If she does meet a male, the eggs are laid and fertilized. Then, the male will take care of them in the bubble nest for about three days, after which the eggs will hatch.
Sometimes, the female may produce too many eggs and become ‘egg-bound,’ which can be dangerous since it can start blocking internal organs – especially the intestines. In this case, it is necessary to make the fish either absorb the eggs again or make her release them.
The former can be achieved by fasting the fish for 2-3 days and compelling her to turn to the eggs for her vital energy, while the latter can be achieved by showing her a picture of a male betta fish or a real male betta if an image doesn’t work.
Related: How Female Betta Get Pregnant
Betta fish are notorious for being angry and territorial, and when it comes to males, there is no chance of keeping them together without one or the other suffering from torn fins and attacks. However, females are different.

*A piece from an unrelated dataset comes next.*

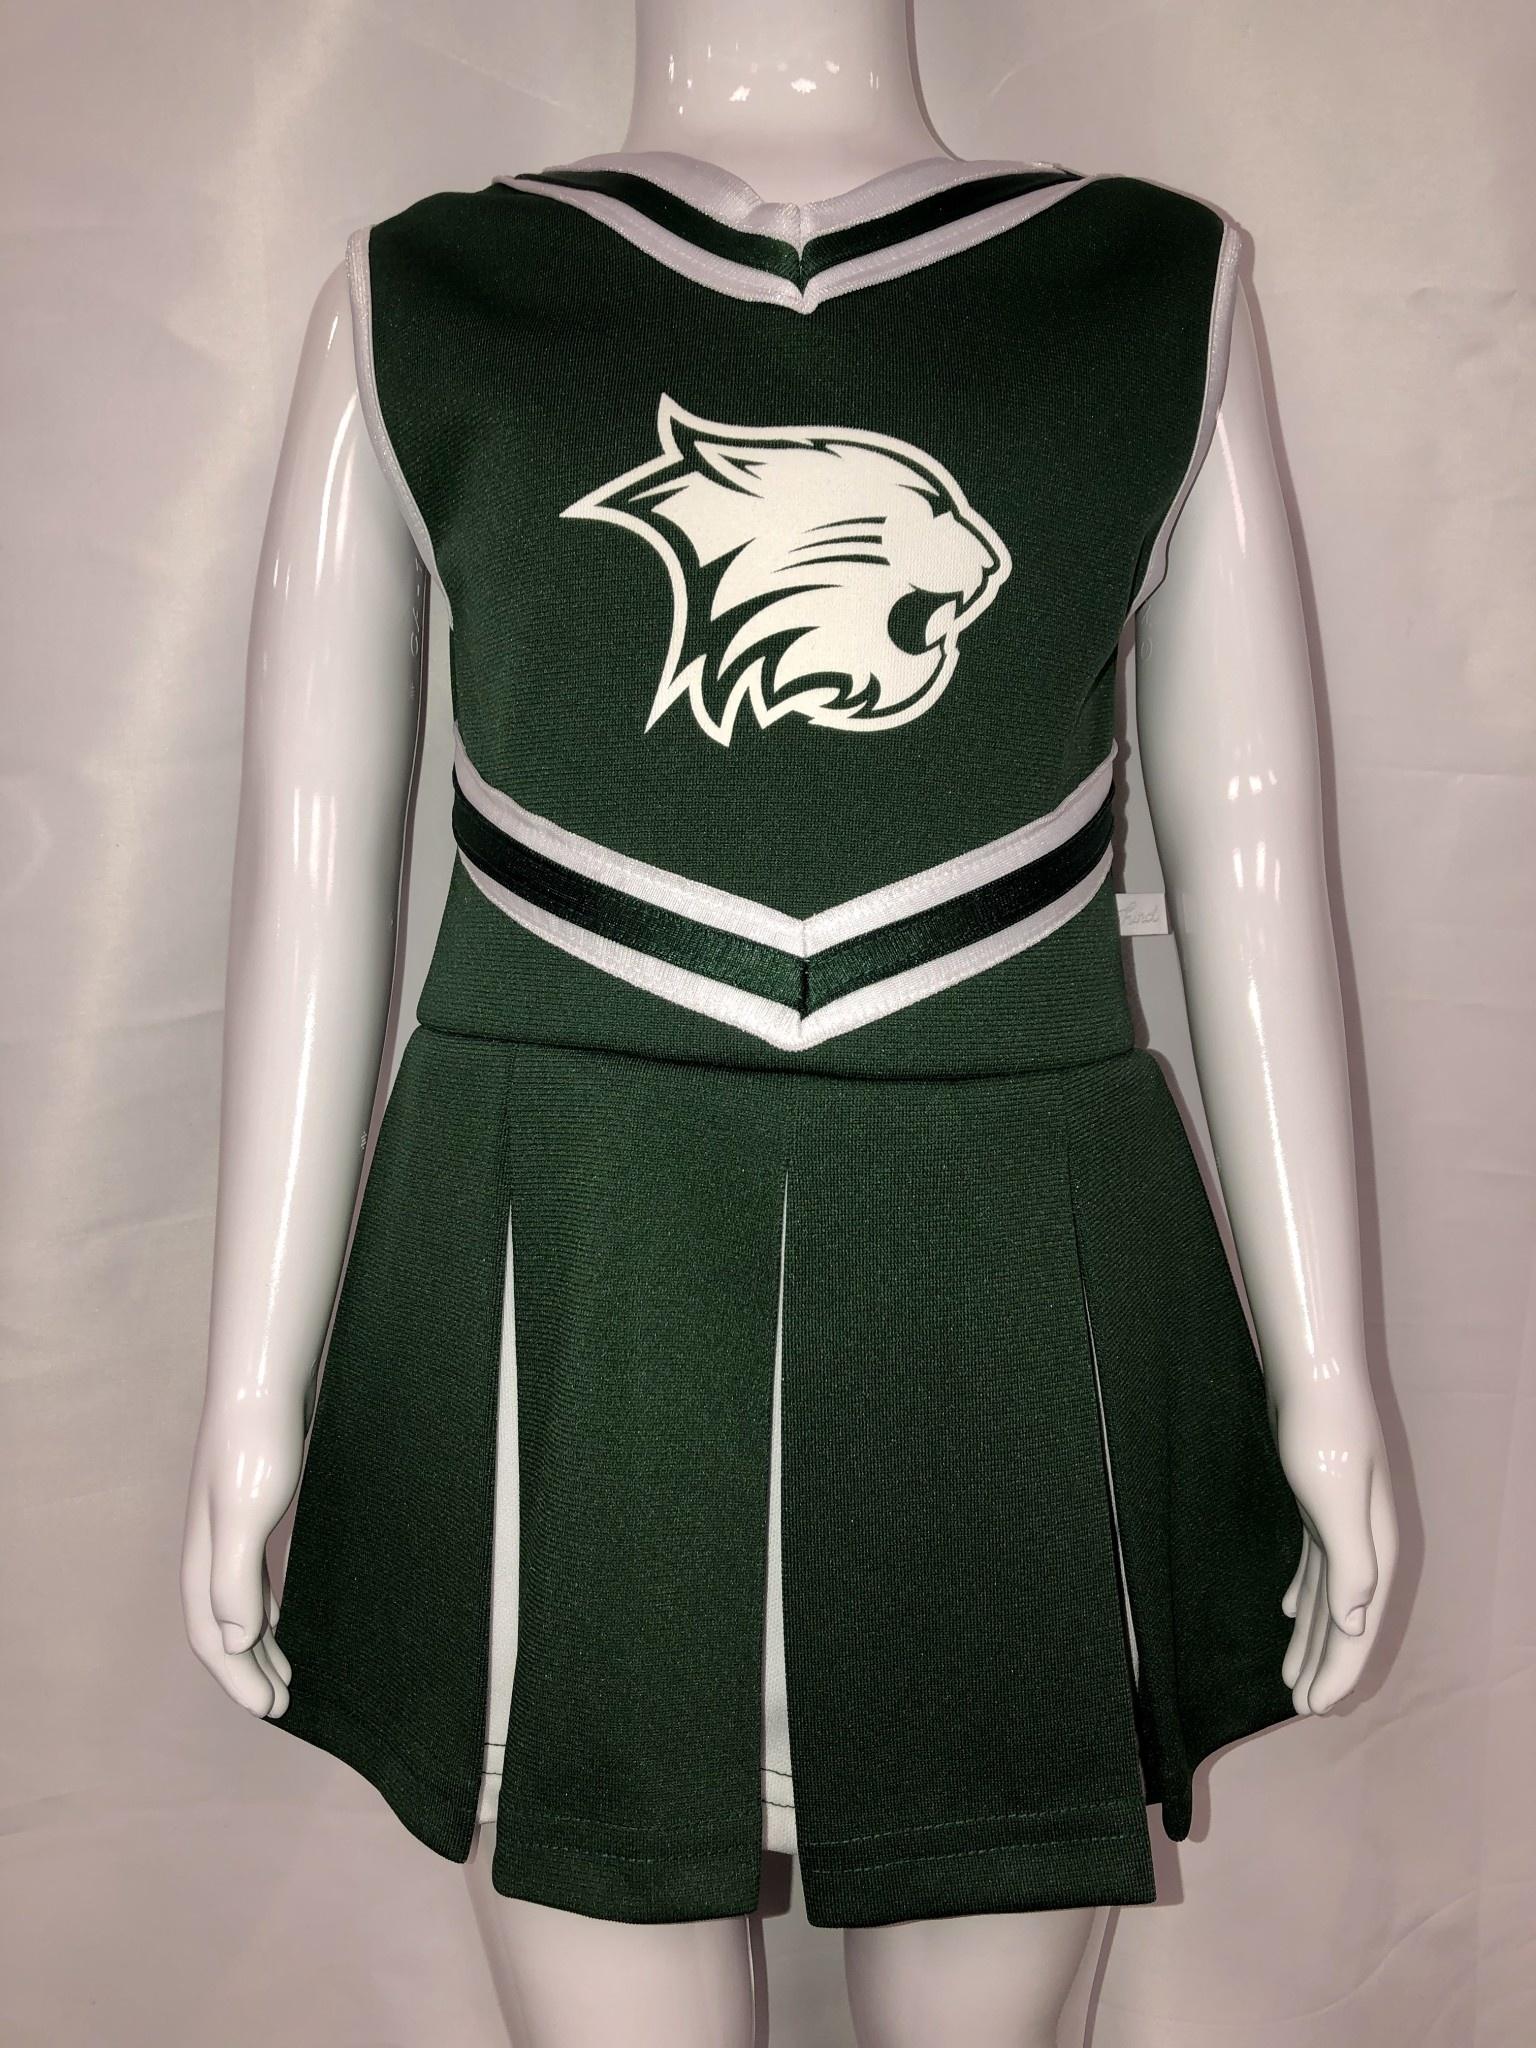 Cheerleading Dress w/ wildcat head & Bloomer panty

As mentioned before, female betta fish can live together if ideal conditions. This means that they should each have their own space that the other does not intrude on and should be able to have foliage or plants they can hide in. However, female bettas will still lash out if another fish encroaches on their territory.
The tank should be big enough to give each fish the two cubic feet of space they need, and it should not feel stressed by anything.

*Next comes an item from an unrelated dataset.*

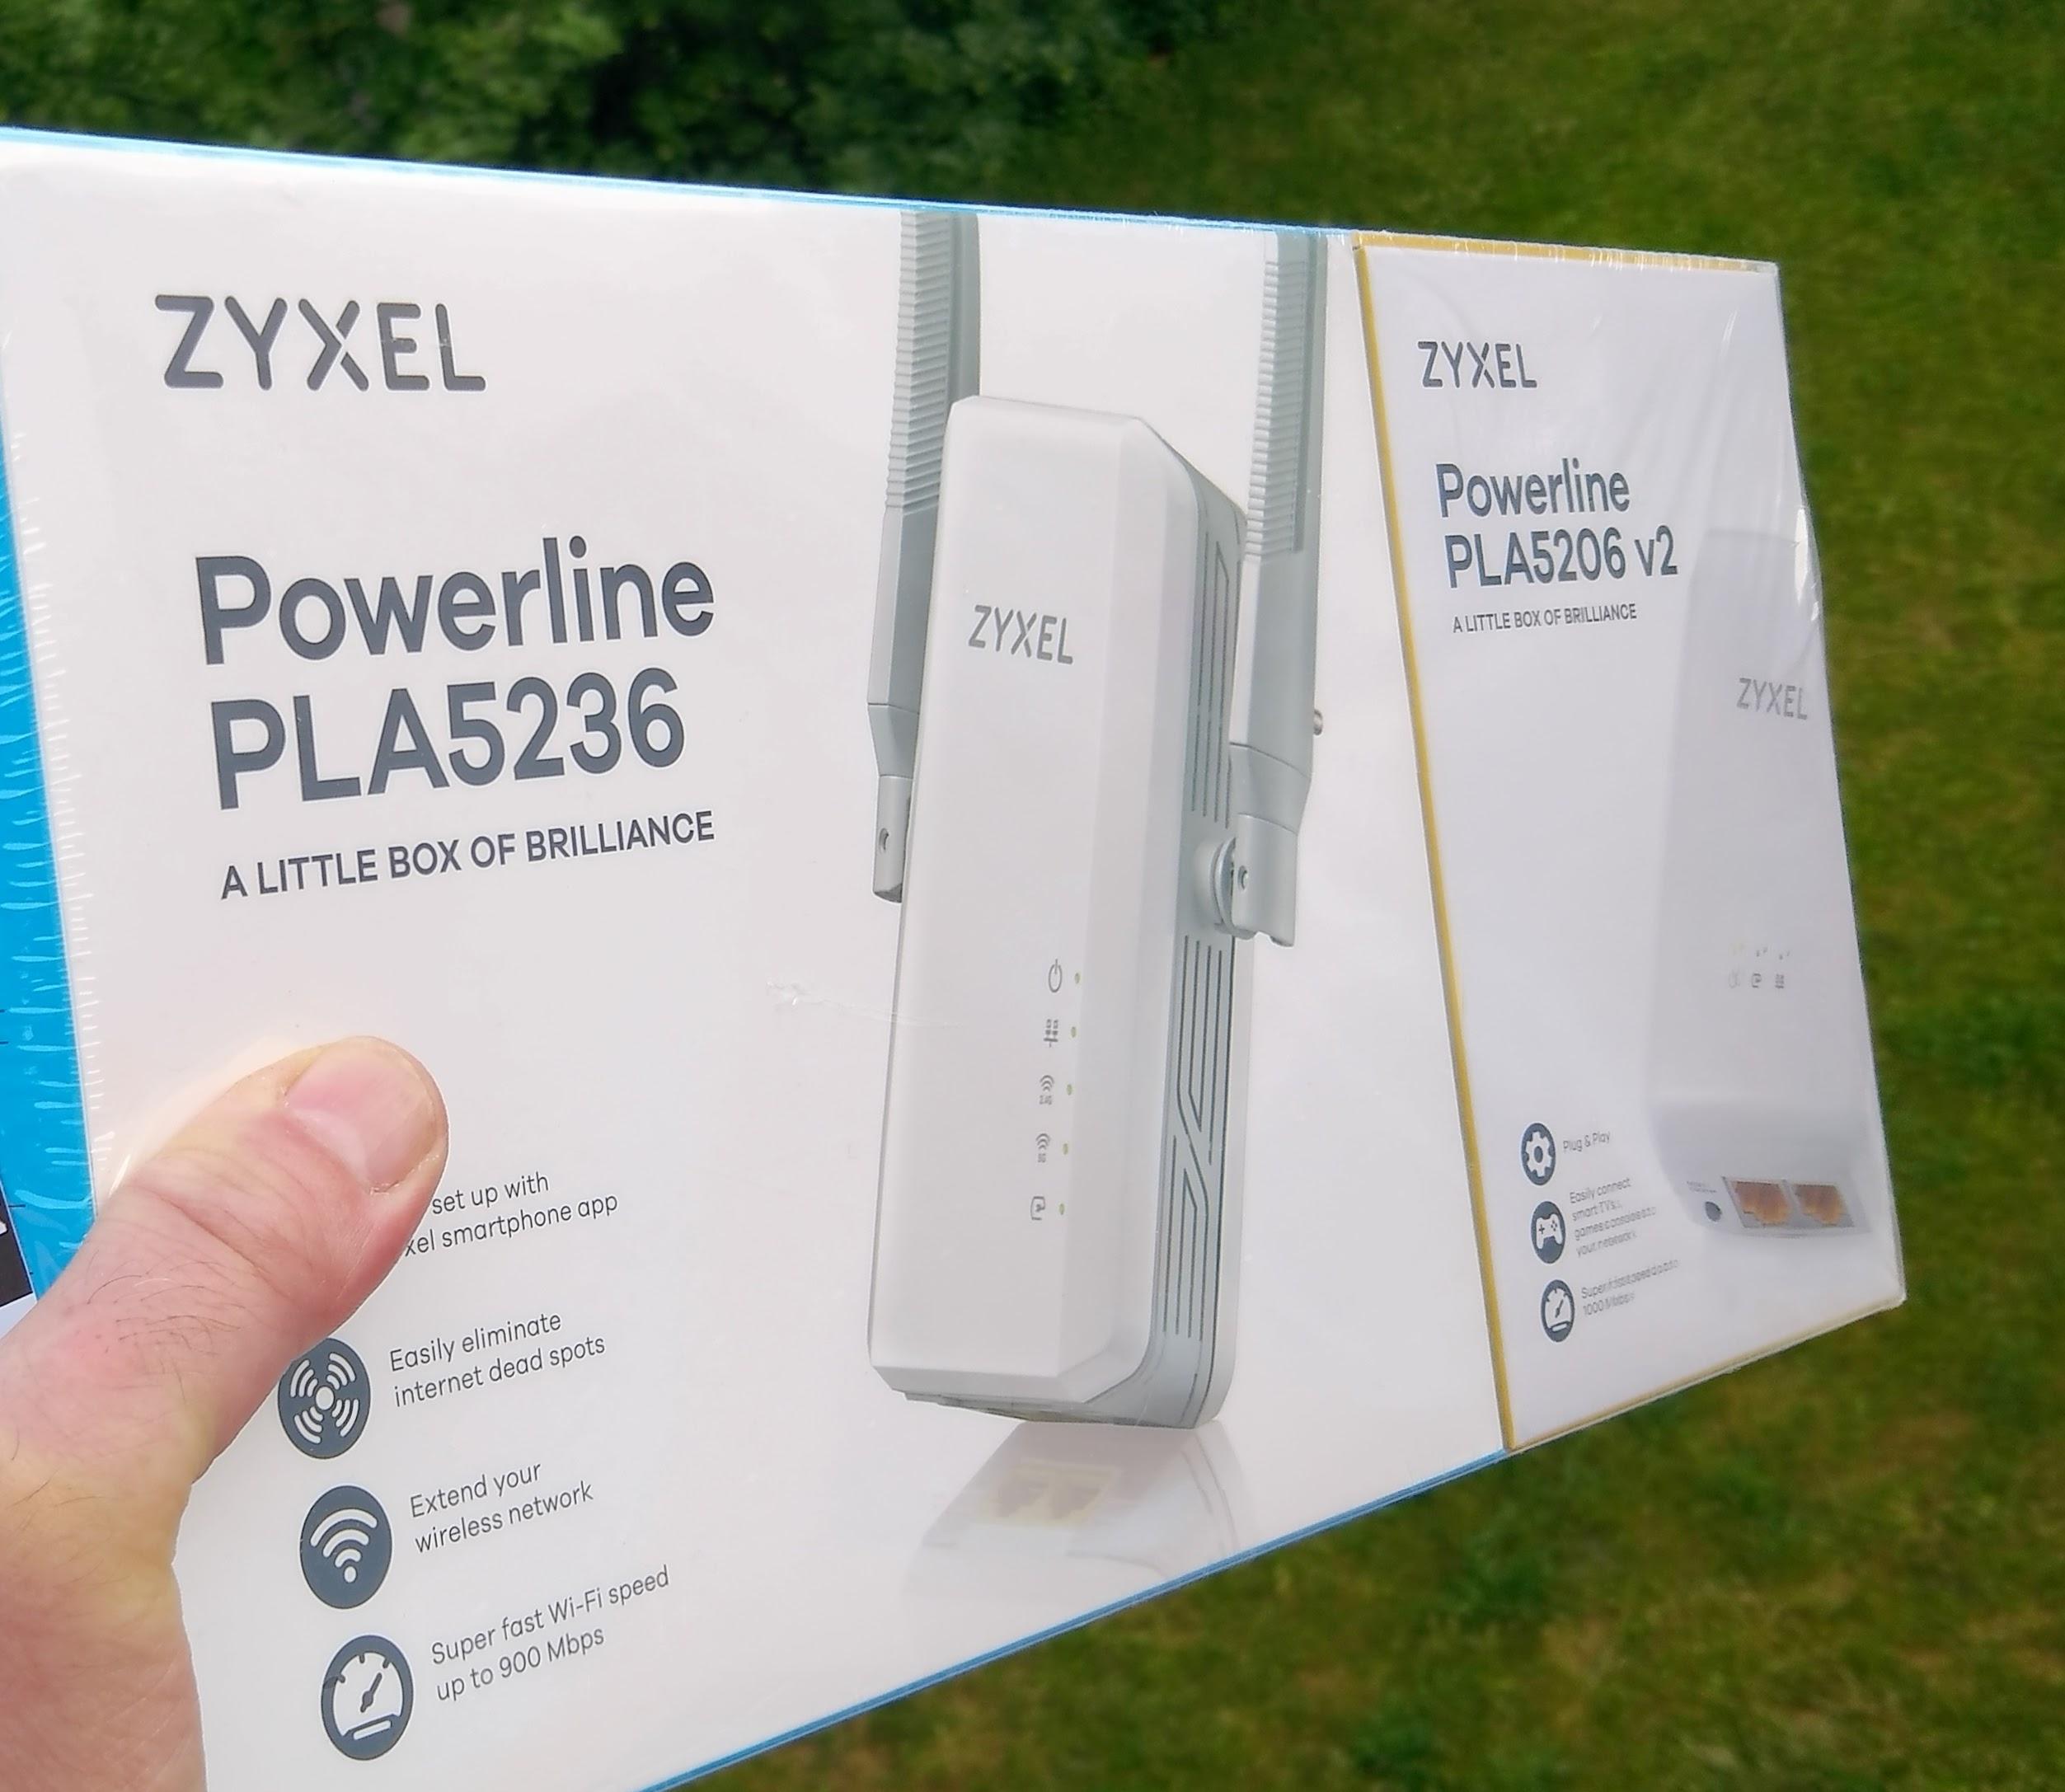 [Notebooksbilliger] Pseudo-Preisfehler: ZyXEL PLA5236, Powerline-Kit (1000 MBit/s) mit WLAN (ac, simultan) für 59,99 Euro

The female betta fish can get along in a community if these conditions are met. This is called a sorority tank.
Female Betta Fish Examples
Red Copper Galaxy Plakat Female Betta
Plakat betta fish are the most aggressive types and are usually selected for fish fights, which are legal in some Southeast Asian countries. In addition, Plakat betta fish are more stout than others, so they are more capable of holding their own than other bettas. While females are, again, not as aggressive as males, they will start a fight if they are brought closer to each other.
While most female betta fish are noticeable due to the size of their fins, Plakat betta fish have smaller fins as a whole. So instead, female Plakat bettas will have a ventral fin that looks similar to hair combs.
HMPK Copper Betta
HMPK stands for Halfmoon Plakat and is a specific kind of betta fish with a 180-degree spread tail. Copper bettas have a very distinct color and metallic-looking scales. These are commonly selectively bred to produce this copper shade, though their color is usually not set in stone until they are adults, so it is pretty standard for a fish to start with one color but end up with another. HMPK Copper Bettas will usually grow to be around 3 inches long.
Traditional PK Yellow Dragon Betta
The yellow dragon betta fish has the copper phenotype, which gives it its unique yellow color. These females have elongated bodies and shorter, rounder fins. Males of the same species will have larger fins than females. Dragon bettas can breathe outside air and will swallow it at the water’s surface. These fish will grow to be about 3 inches long.
Black Dragon Betta
Black dragon bettas are also very common as pets. Being the same type as the yellow dragon, albeit with different coloration, they also grow to be about the same size. Female dragon bettas can also undergo color pattern changes with mood swings.
Female Koi Betta
Female koi betta fish look very similar to male koi bettas, though they have a more streamlined look. They also have the exact differences between males and females as regular betta fish do. They usually grow to be up to 3 inches long.
Buying Female Betta Fish Online
You can buy female betta fish in many pet stores. While male betta fish is much more common and in demand (likely due to their larger, prettier fins and vibrant colors), females are also available in many places.
You can find female betta fish at your local fish store.
Females usually cost lower than males – again, likely due to the difference in their appearance – but their price will vary according to their appearance and what kind of betta fish they are.
What is an assorted female betta?
‘Assorted’ will usually mean the colors or varieties of the fish available.